Re: Pluggable regex engine in Perl
by ELISHEVA (Prior) on Dec 27, 2010 at 08:48 UTC
|
I'm sure there are people who do take this as an invitation to write their own "just cause", but the practical reason for a custom regex engine would be the need to emulate the behavior of some other regex syntax. Bash, PHP, Java, various flavors of the grep command, all have their own slight regular expression nuances.
For example, a person might need to port a large amount of code from PHP to Perl. Rather that study each and every regex in that code, it might make more sense to port the code but leave the original regular expressions in place. Converting syntax is usually fairly straight-forward. Deciphering and converting regular expressions, not always so. You would have that option with a pluggable regex API.
| [reply] |
Re: Pluggable regex engine in Perl
by moritz (Cardinal) on Dec 27, 2010 at 09:27 UTC
|
I've heard that the regex API has changed quite a bit between 5.10 and 5.12 due to the promotion of regexes to first class objects. If that's true, one should either just target 5.12 or newer when writing a new plugin, or be aware of the differences and use some #ifdefs.

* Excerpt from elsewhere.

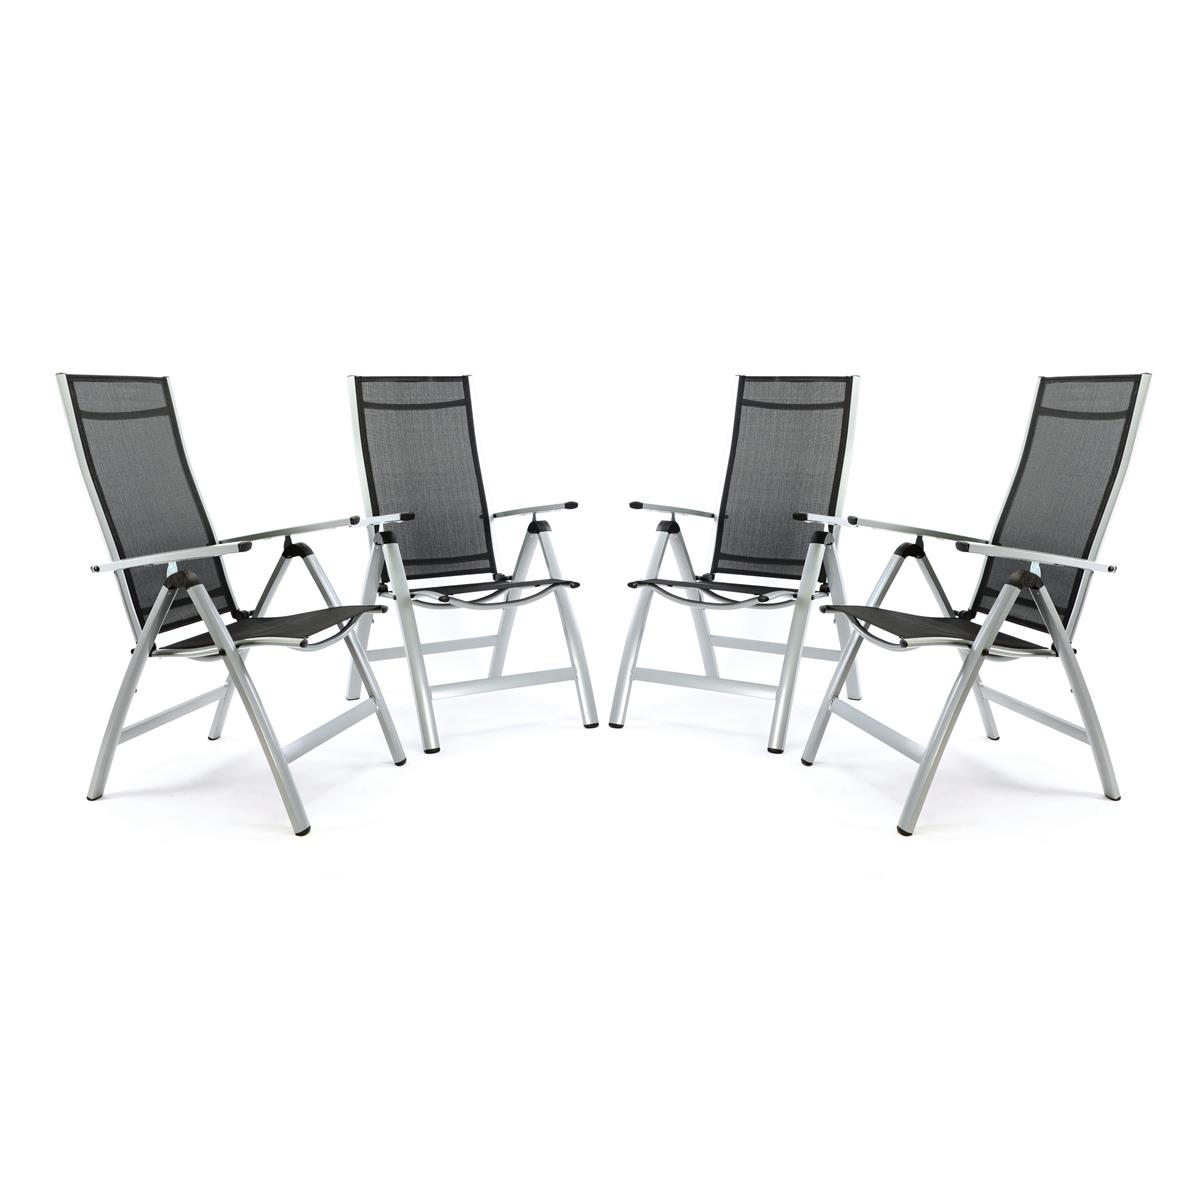 4er Set Deluxe Alu Stuhl extrabreit Klappstuhl Gartenstuhl verstellbar schwarz

I wonder if any of these are in use and what are the use cases? What issues do these plugs solve that is impossible, harder, slower or have some other issues with the standard regex engine of Perl?

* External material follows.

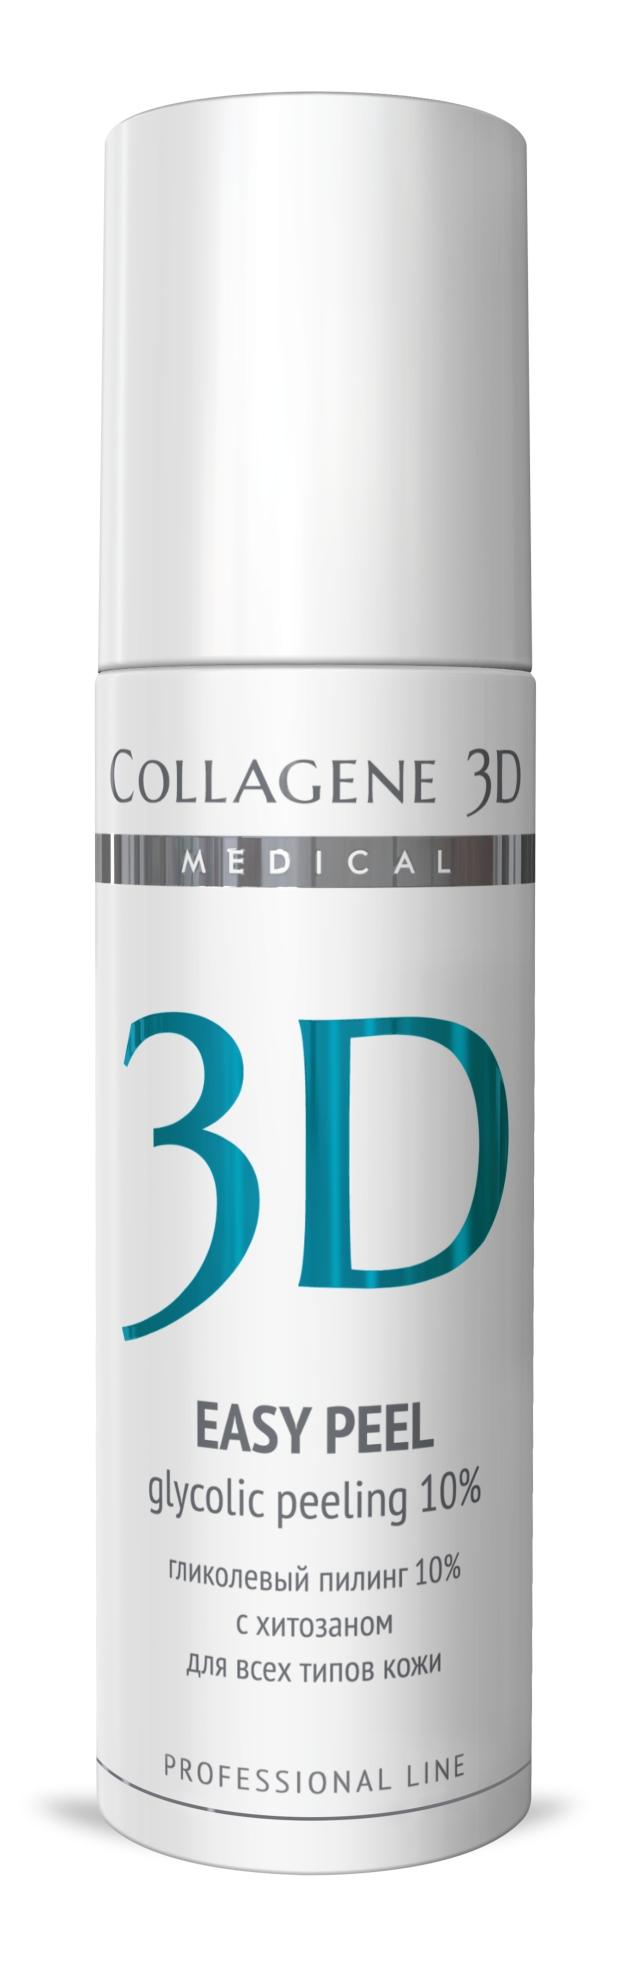 """MEDICAL COLLAGENE 3D Гель-пилинг с хитозаном на основе гликолевой кислоты 10% (pH 2,8) """"Easy Peel"""" 130мл проф."""

The now deceased re::engine::TRE had two features that made it attractive for some uses: for one it would match the longest of several alternations (instead of the first, as Perl does), and secondly it uses a non-backtracking state machine internally whenever possible, which means that pathological exponential time behavior doesn't occur as easily as with the Perl engine.
| [reply] [d/l] |
Re: Pluggable regex engine in Perl
by dgl (Novice) on Dec 27, 2010 at 12:16 UTC
|
I'm the author of re::engine::RE2.
As for motivation it was mostly to learn a bit about this area of Perl, however I do see uses for RE2 due to its matching being much faster than Perl's matching.
For example combined with an mmaped scalar I can match a regexp on 1 GiB of text in about 10 seconds (on a core 2 duo), Perl's RE doesn't even come close to that. You can see how Google's Code search can be so fast.
There's some issues with Perl's UTF-8 handling (frankly it's insane), but once I've worked around that re::engine::RE2 should be nearly a drop in replacement for Perl's RE, but faster.
| [reply] |
|
|
| [reply] |
Re: Pluggable regex engine in Perl
by Khen1950fx (Canon) on Dec 27, 2010 at 09:06 UTC
|
Why not write your own engine that uses perl? You could get started by reading re::engine::Plugin to write the engine. It's still in its early stages but workable. | [reply] |
Re: Pluggable regex engine in Perl
by JavaFan (Canon) on Dec 27, 2010 at 15:56 UTC
|
I haven't written a plugin, but I don't find it hard to come up with reasons to write plugins:
- You want a different syntax (perhaps to have identical syntax as language X).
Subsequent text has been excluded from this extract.